Exercise brief — In the material below, pictures must be dropped. Repeat exactly, and only, the lines from the line with "HP Smart Tank" to the line with "Japan winter National", both ends included.
Segment Start: Given records
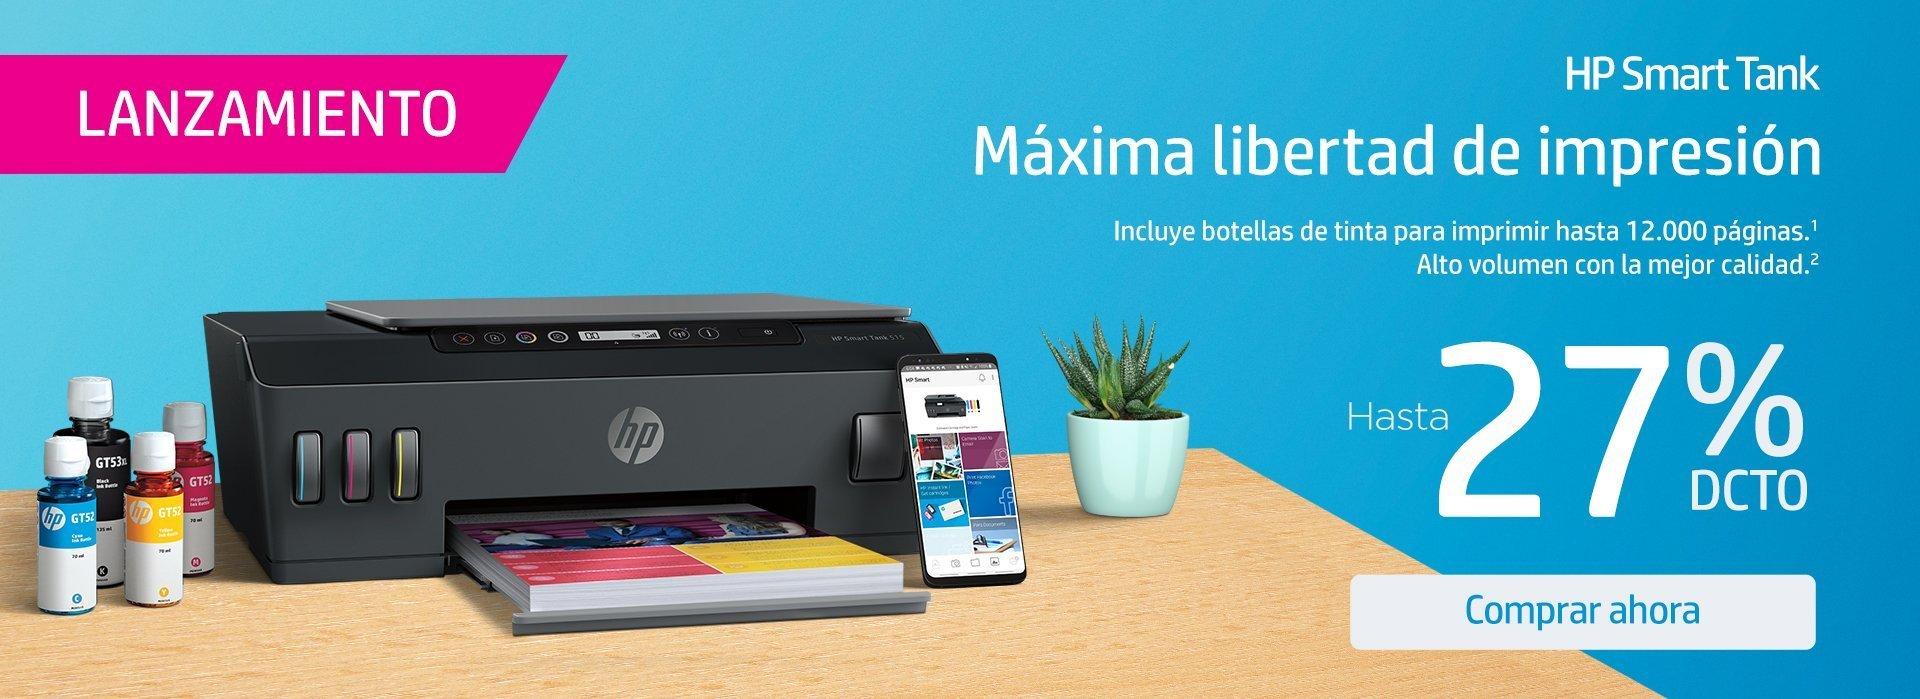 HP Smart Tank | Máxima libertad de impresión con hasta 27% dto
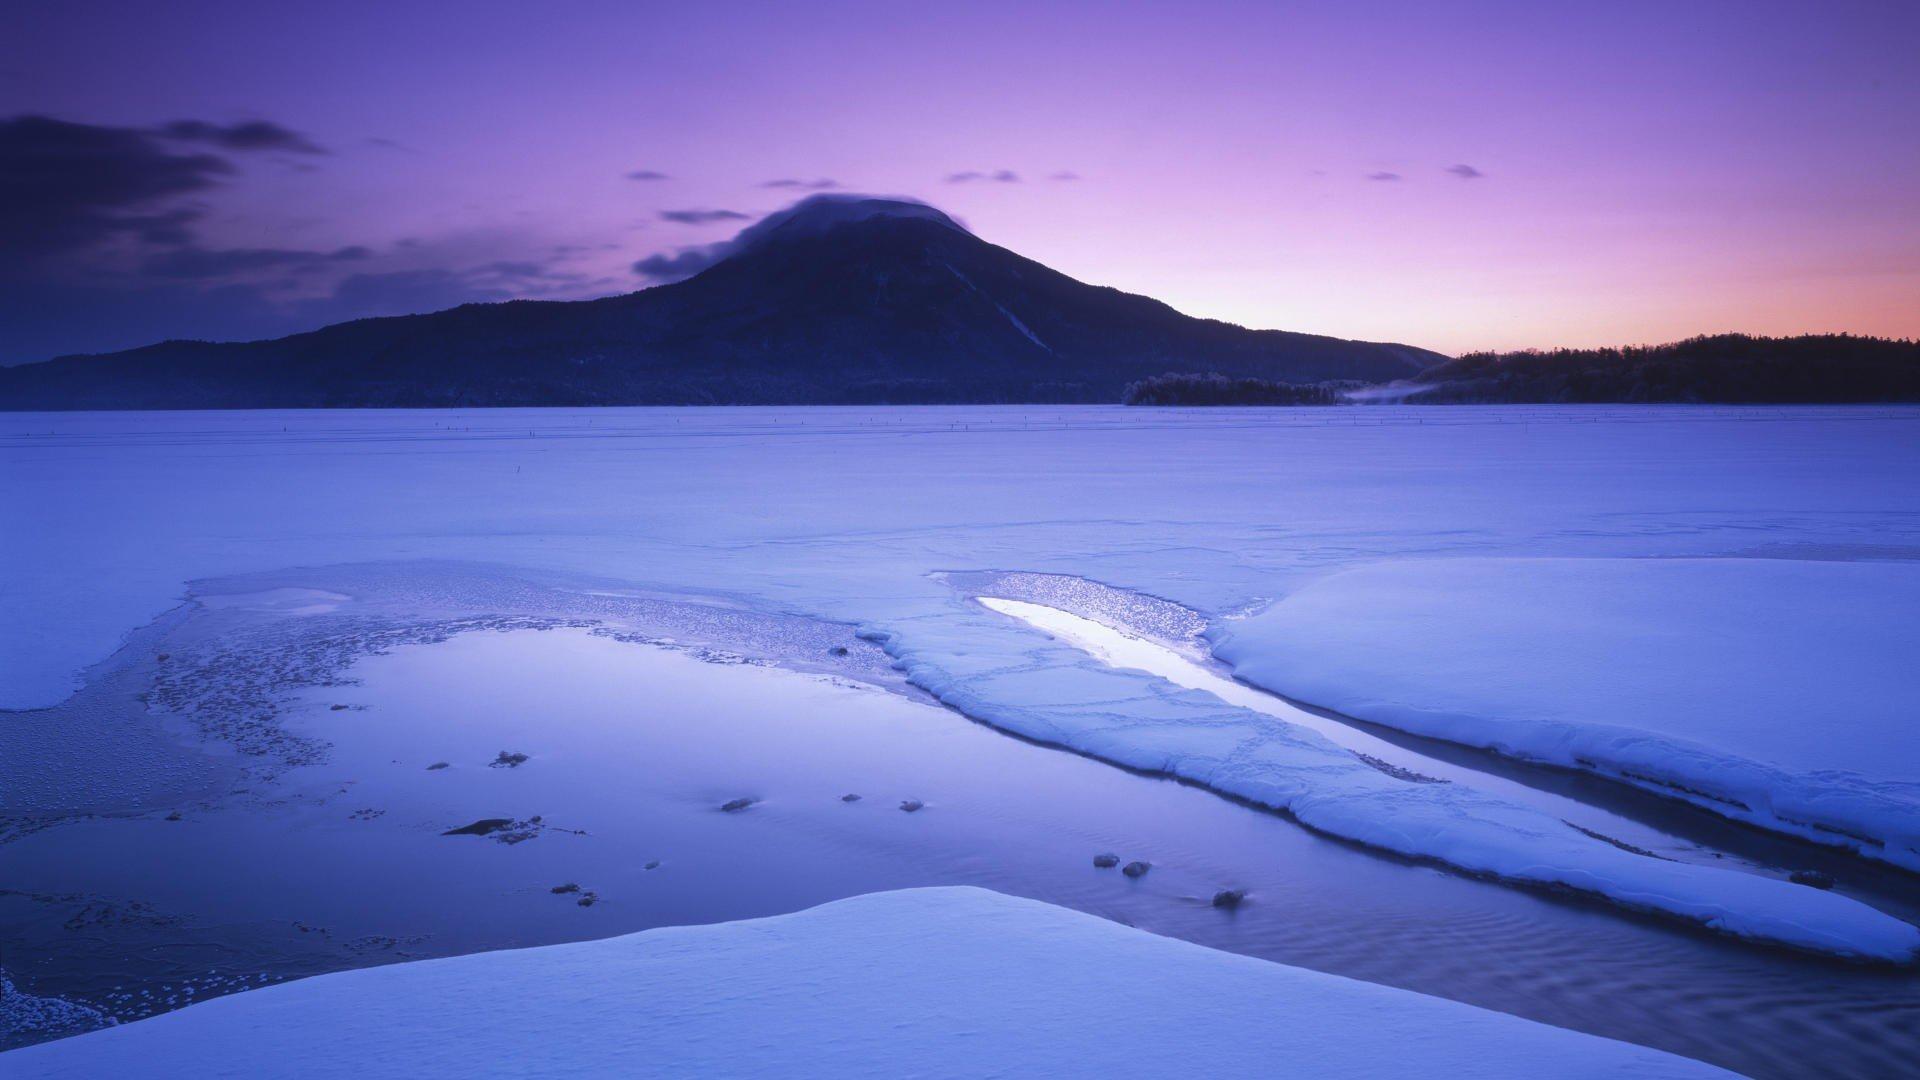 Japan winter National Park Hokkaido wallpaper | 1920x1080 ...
Segment End: Given records
Segment Start: Given records
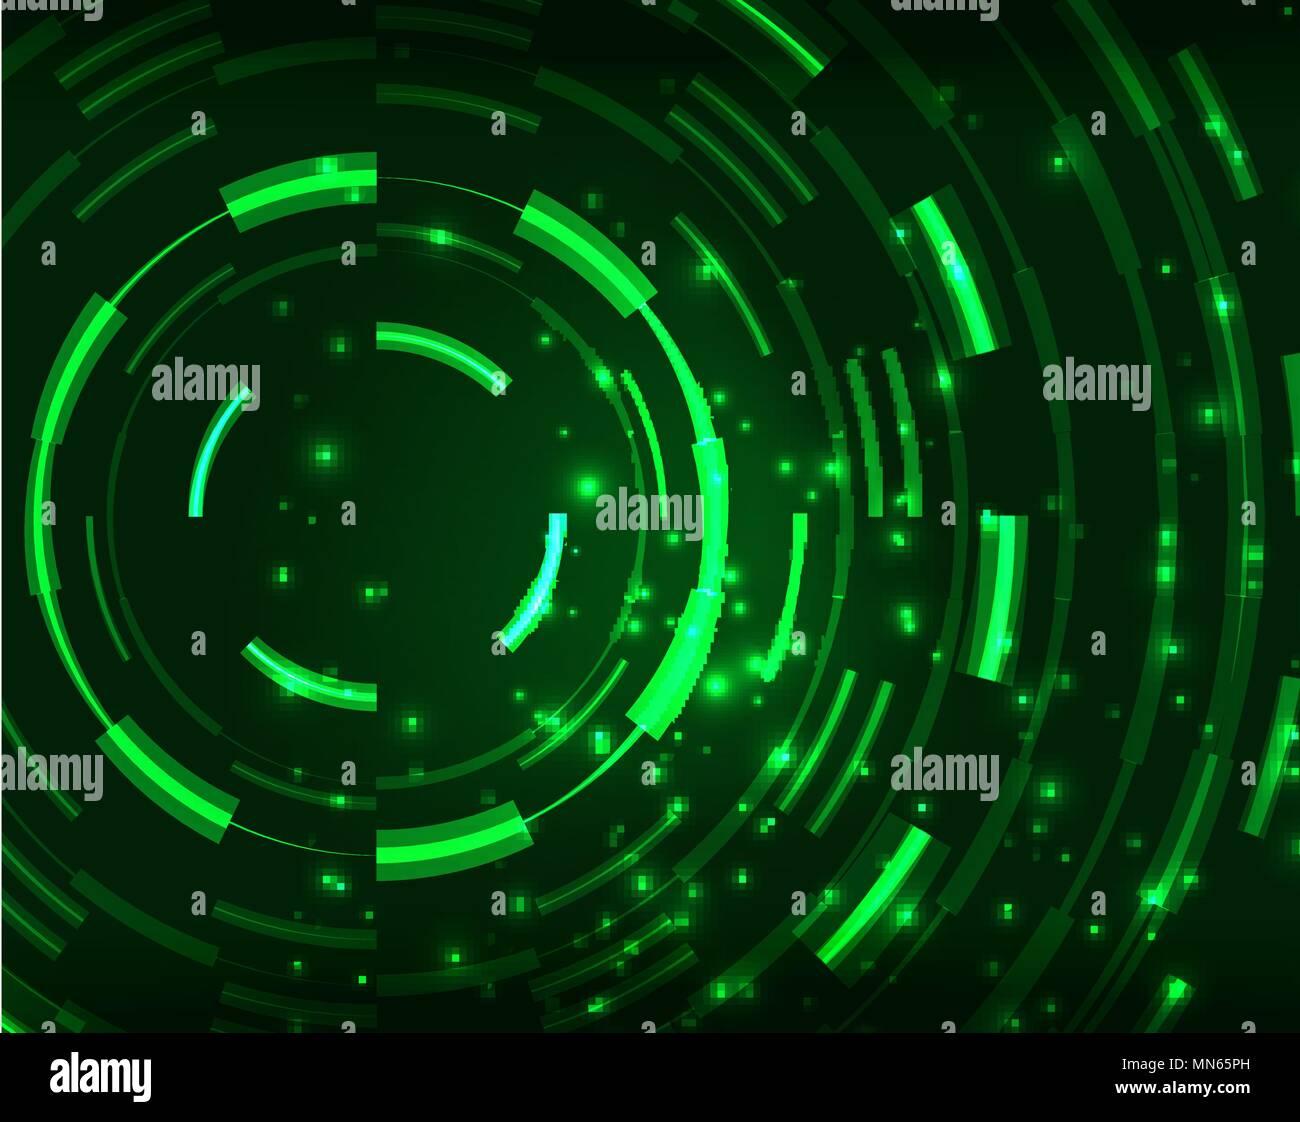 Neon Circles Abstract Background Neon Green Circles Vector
Segment End: Given records
Result for this exercise —
 HP Smart Tank | Máxima libertad de impresión con hasta 27% dto
 Japan winter National Park Hokkaido wallpaper | 1920x1080 ...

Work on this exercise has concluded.